The Clown motioned to him and they walked, one heavy in front, one behind, their footsteps crunching on the gravel. The path wound across the lawn, up some steps, to a reception area of teak and marble, flickering candles, frangipani spilling down the walls. The staff were suited in impeccable cream uniforms with high collars in the manner of hotel porters. They smiled, made little bowing motions. Mangan saw the cameras, high up in corners, heard the crackle of a walkie-talkie. The two heavies handed him off to three more, all in their cream suits, buttoned to the collar. Nothing was said. They walked a corridor, glassed on one side to provide a view of ornamental gardens, pools. The Clown followed.

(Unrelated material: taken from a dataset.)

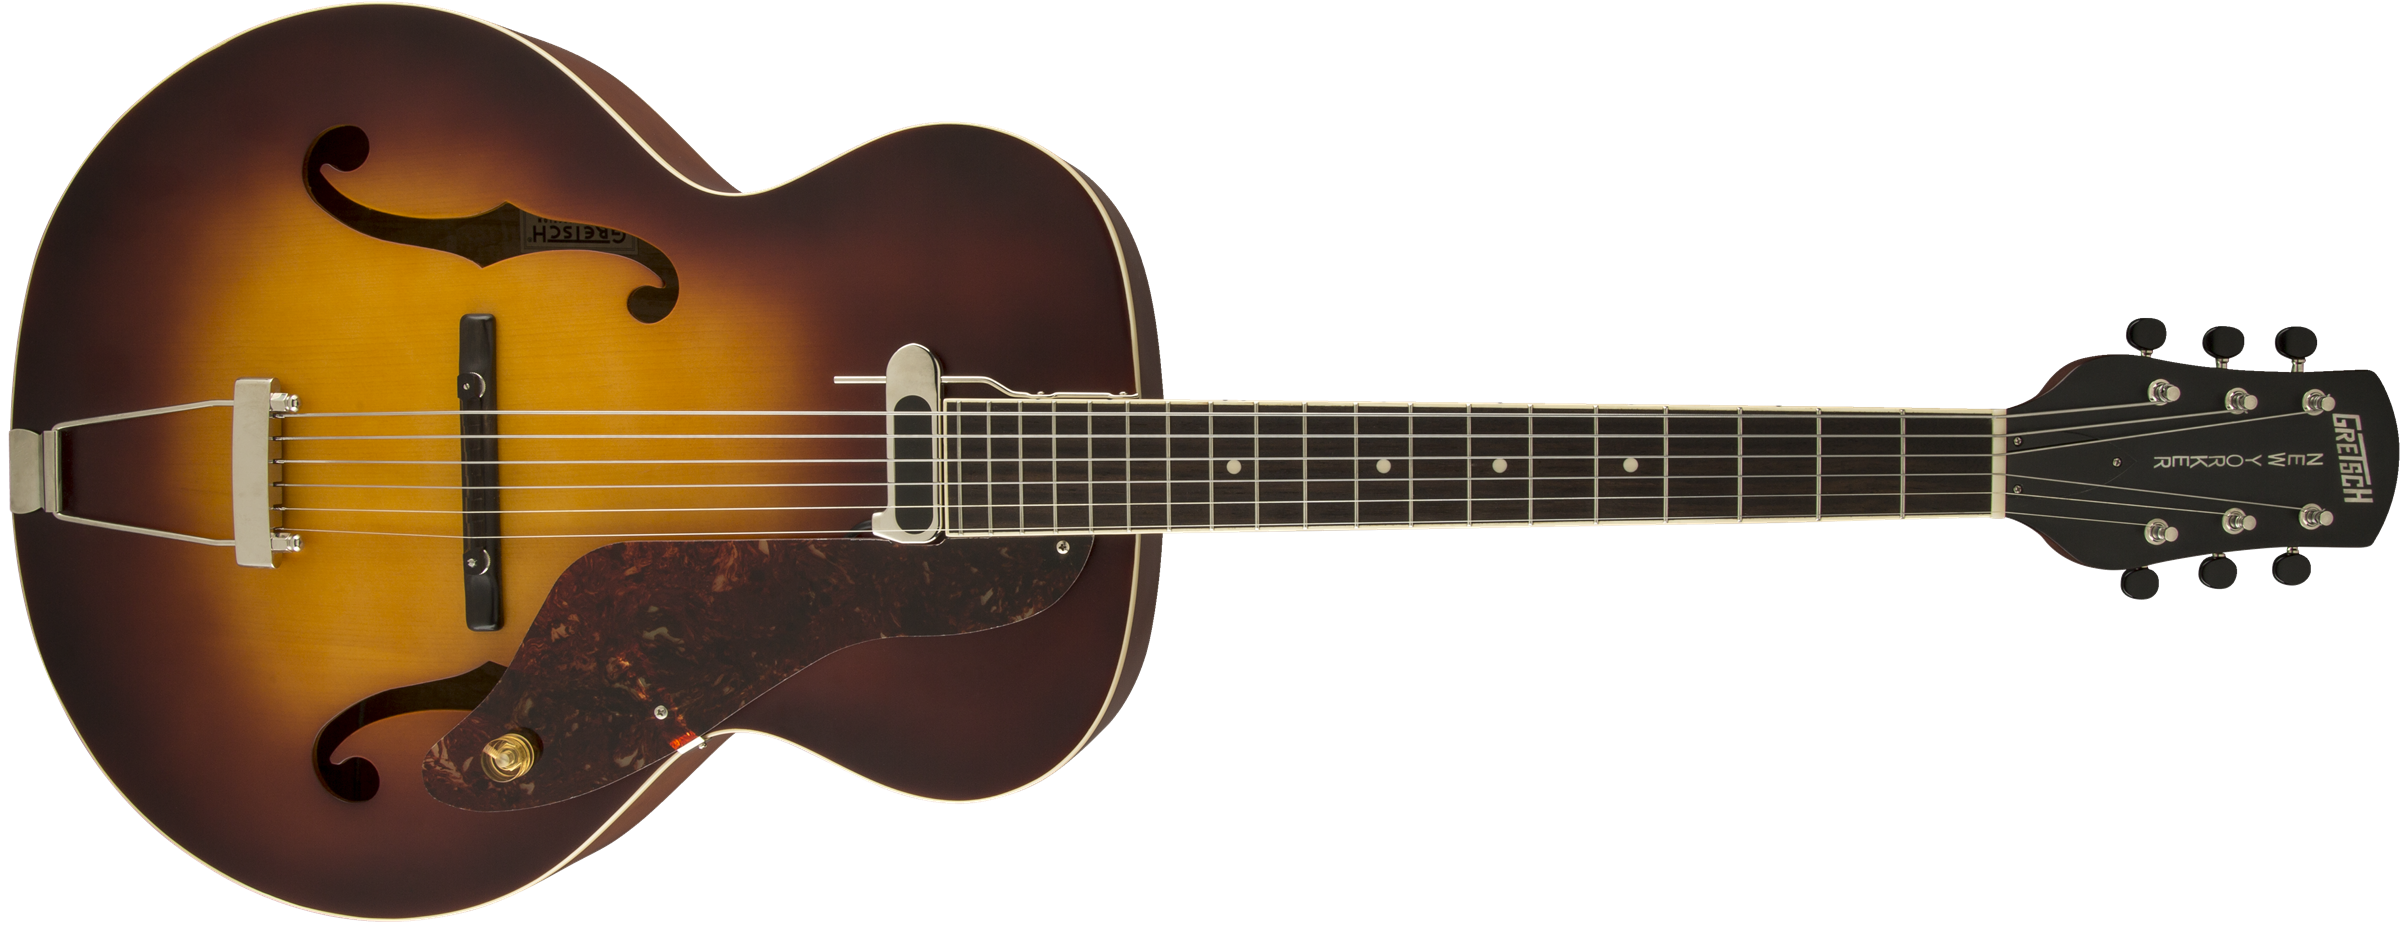 folk bluegrass g9555 new yorker archtop guitar with pickup semi gloss vintage sunburst. Black Bedroom Furniture Sets. Home Design Ideas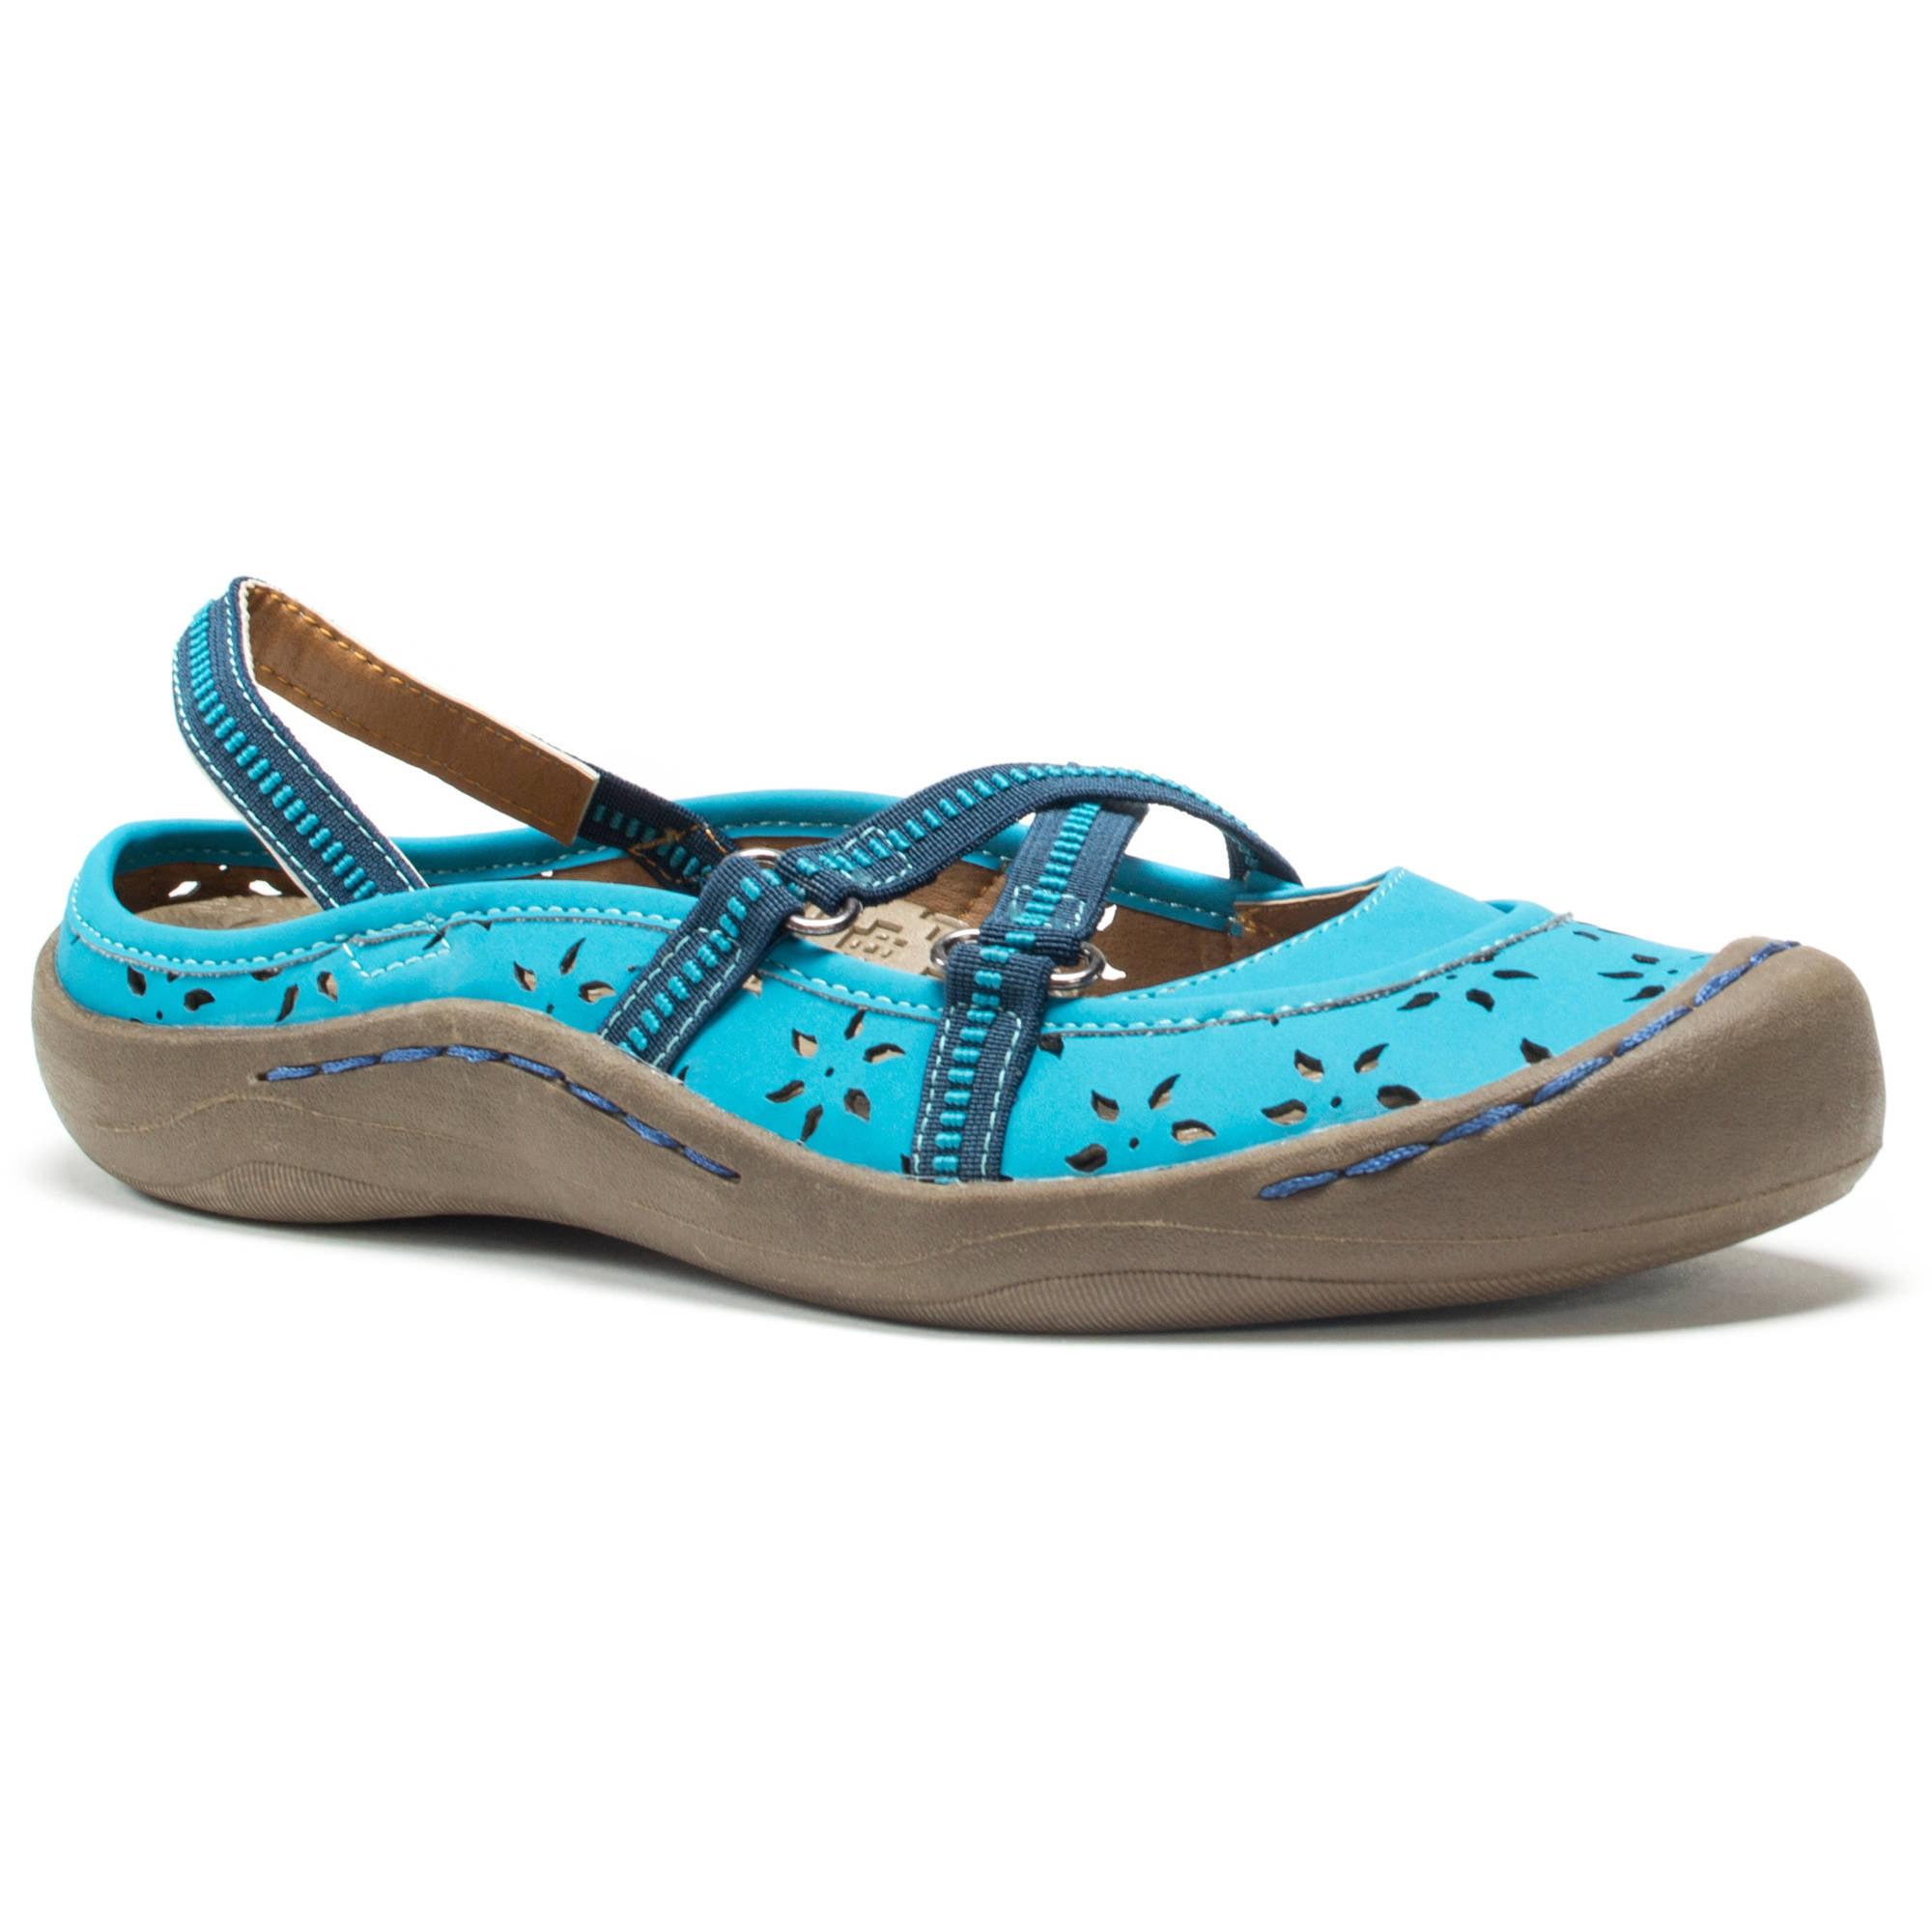 MUK LUKS - Women s Erin Strap Shoes - Walmart.com 66e30717b68e

Situational awareness, Philip, at all times.

Mangan, every sense strung taut, tried to map the place in his mind, retaining the position of the dock relative to where he was, where the river was.

If I have to run, I run this way.

They took a lift. One of the suited staff held the door open, murmured,
“Qing.”
Please. So—Chinese.

The lift doors opened and Mangan was led out into a dim, cavernous space.

A casino floor.

A vast, murmuring, low-lit casino floor.

Two of the cream-suited minders, compact, controlled men, moved in close to him, almost crowding him as they walked, as if ready for him to make a move. Mangan slowed deliberately, trying to take the scene in.

The casino was suffused with blue light. Prominent at its center was a roulette table of rich polished wood. Mangan heard the
clack clack
as the wheel spun. To one side, a row of perhaps fifty or sixty
screens for digital poker, the players washed in their glow. Mangan saw blackjack and baccarat tables. The players were young women dressed in black, with numbers fixed to their uniforms. The women wore headsets, earphones, little tubular cameras. They swivelled their heads robotically, fixing their cameras on the cards, on the croupier or another player, laid their cards down slowly, carefully. And all, Mangan realized, at the remote command of some distant player in Beijing or Changsha or Wuhan.

And the visible clientele? Mangan made out Chinese kids, Shanghai hip, in quiet, nervous groups. Older Chinese men in poor suits, the maker’s label still on the left cuff, cadres from central China hemorrhaging someone else’s cash. Here, some Russians in sportswear and gold, sour-faced, dismissive, their Italian girls in couture frocks hanging on their arms, sullen. Willowy girls in cream
cheongsam
split to the thigh toted trays of martinis, iced bottles of vodka. And at the far end of the floor, on a low stage, to a subdued beat, two naked European girls performed a sex show, writhing and quivering in the half-light. As he walked past them, Mangan saw the gooseflesh on their thighs from the air conditioning’s chill.

They walked on, left the casino floor, entered a cavernous split-level marble lobby, a hissing, bubbling fountain at its center—to beat the listening devices, Mangan thought. He smelled cigar smoke. Men lounged on sofas of cream leather, staring at tablets, laptops, whispering into mobile phones.

Another lift. One of the cream-suited minders punched in a security code. They went up three floors and the doors opened into a suite.

“Here we are,” said the Clown.

And there he was, standing by the window, arms wide in welcome. He wore a gray suit and a white shirt open at the collar.

“Philip,” Rocky said, walking across the room to greet him. “Sorry for all this, this trouble for you.”

“Rocky,” he said.

“Come. Come and sit down.”

He took Mangan by the arm and walked him to a sofa. His grip
was hard, pulsing with tension. Mangan looked at him. His eyes were bright, feverish, his face moist, shiny. Two of the cream suits were by the lift door. The Clown stood behind him, slightly off to the side.